> _WORK REQUEST_
Retype the whole listing verbatim and keep the pictures out of it.

> _SOURCE DATA_

[Start of section]

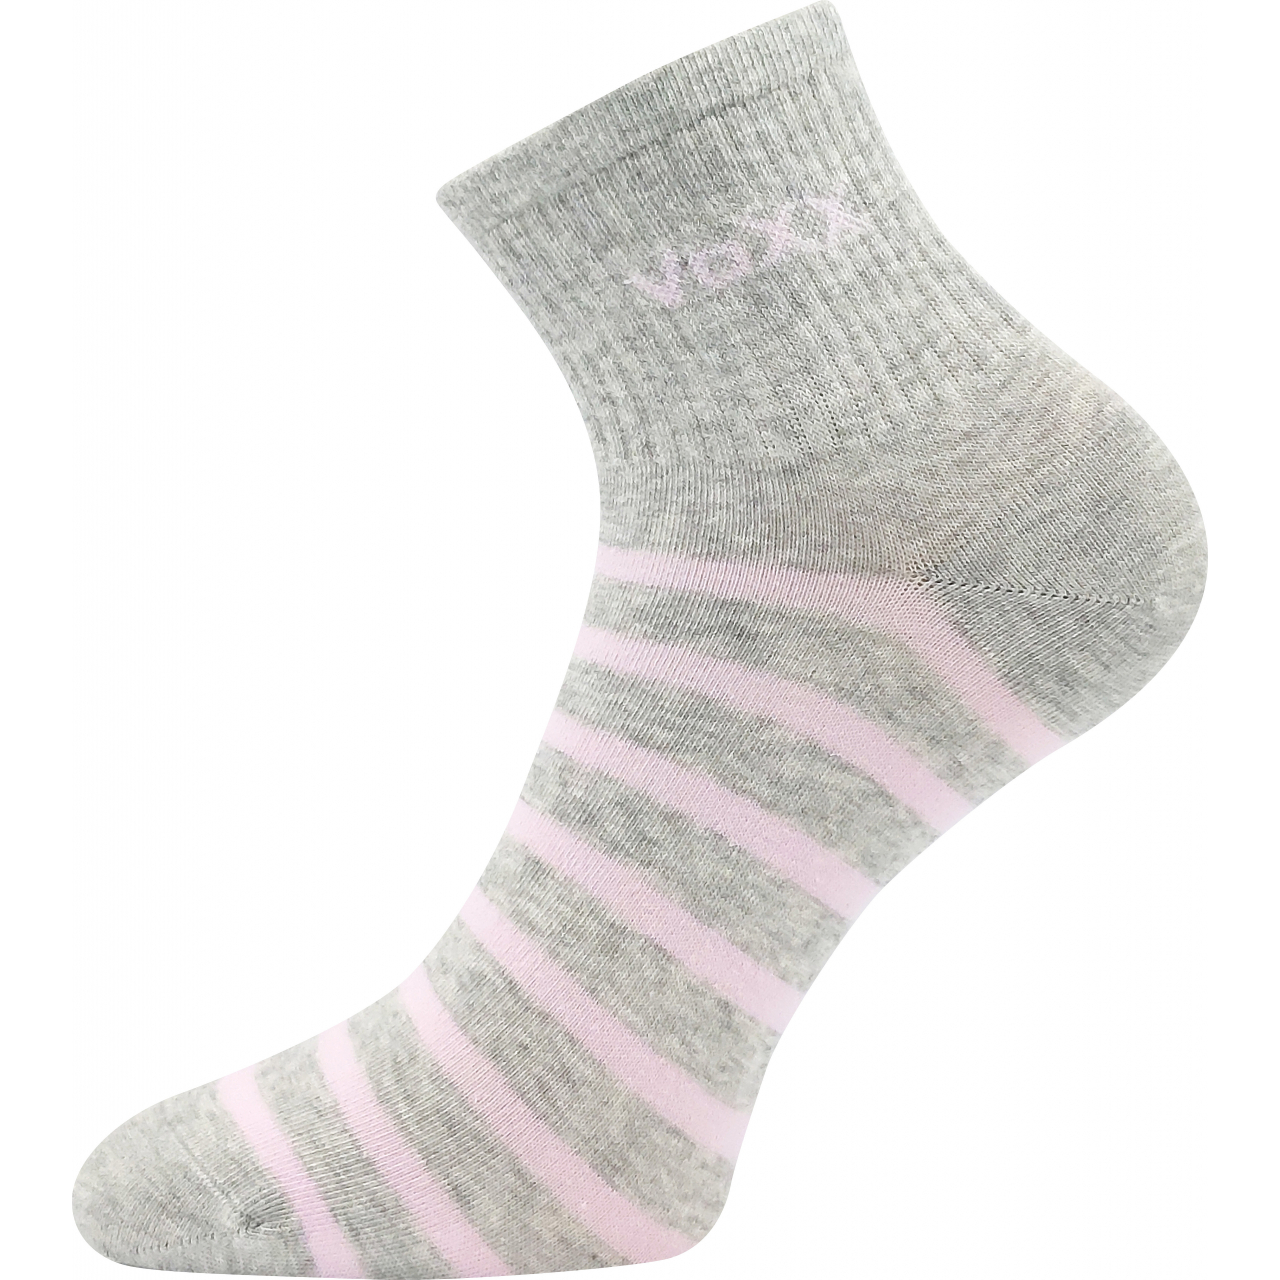 Ponožky dámské klasické Voxx Boxana Pruhy - světle šedé-růžové, 39-42
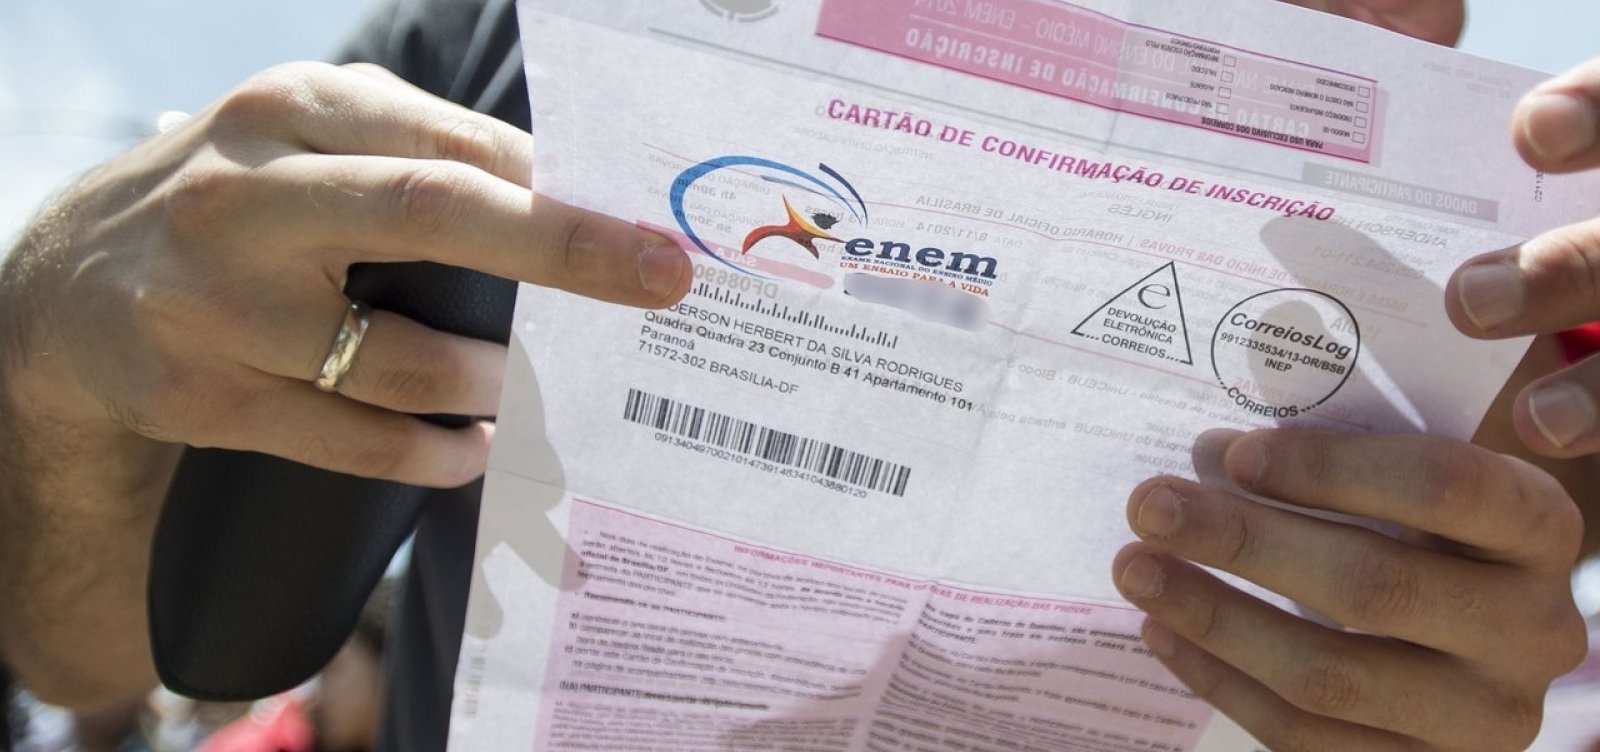 Mais quatro universidades portuguesas vão usar Enem como seleção de estudantes
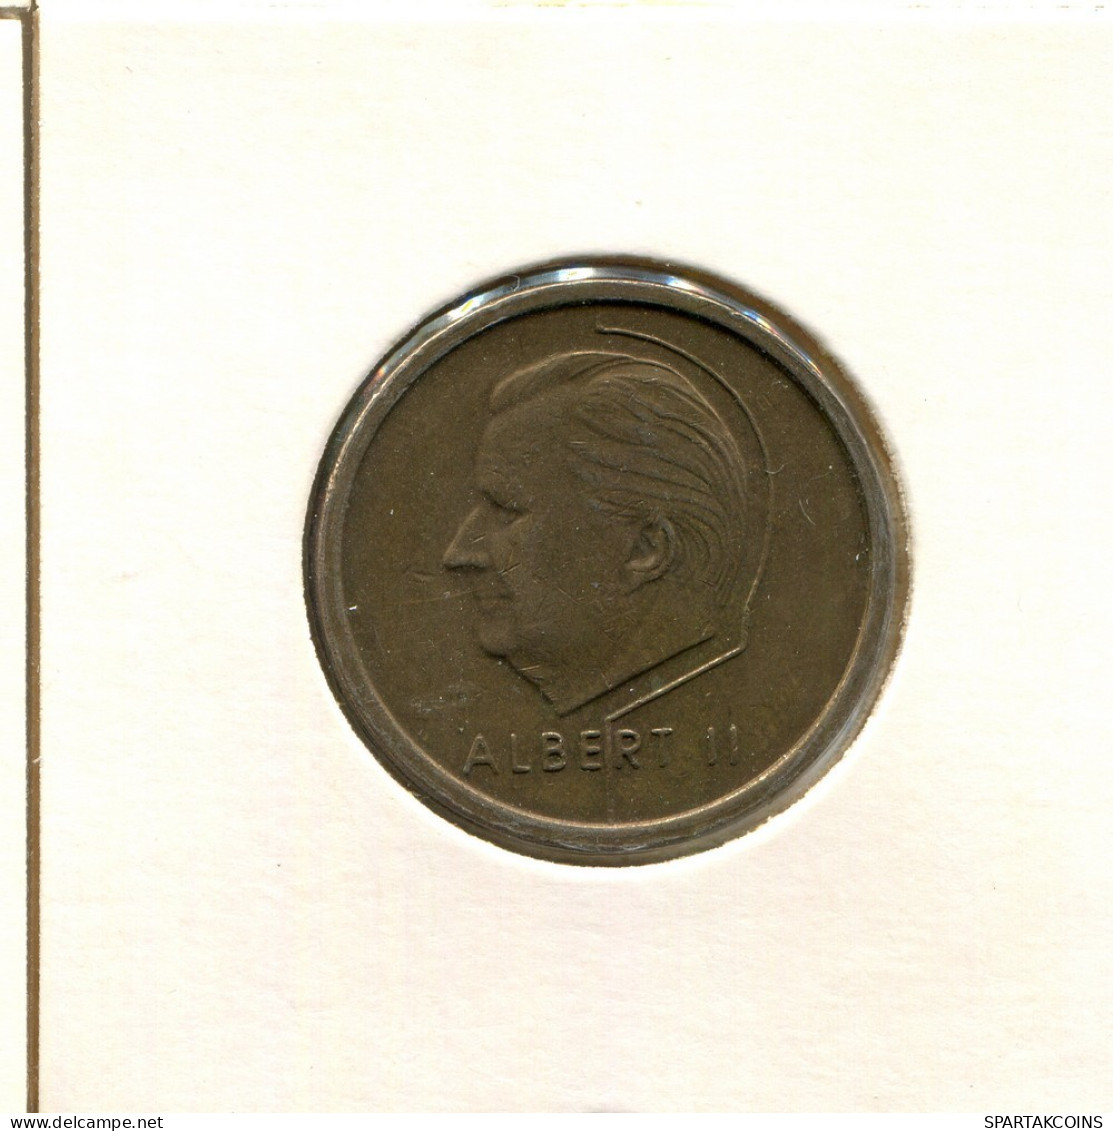 20 FRANCS 1996 DUTCH Text BELGIUM Coin #AU118.U.A - 20 Francs

[End of section]

> _ANSWER BOX_
 Ponožky dámské klasické Voxx Boxana Pruhy - světle šedé-růžové, 39-42
 Mais quatro universidades portuguesas vão usar Enem como seleção de estudantes
 20 FRANCS 1996 DUTCH Text BELGIUM Coin #AU118.U.A - 20 Francs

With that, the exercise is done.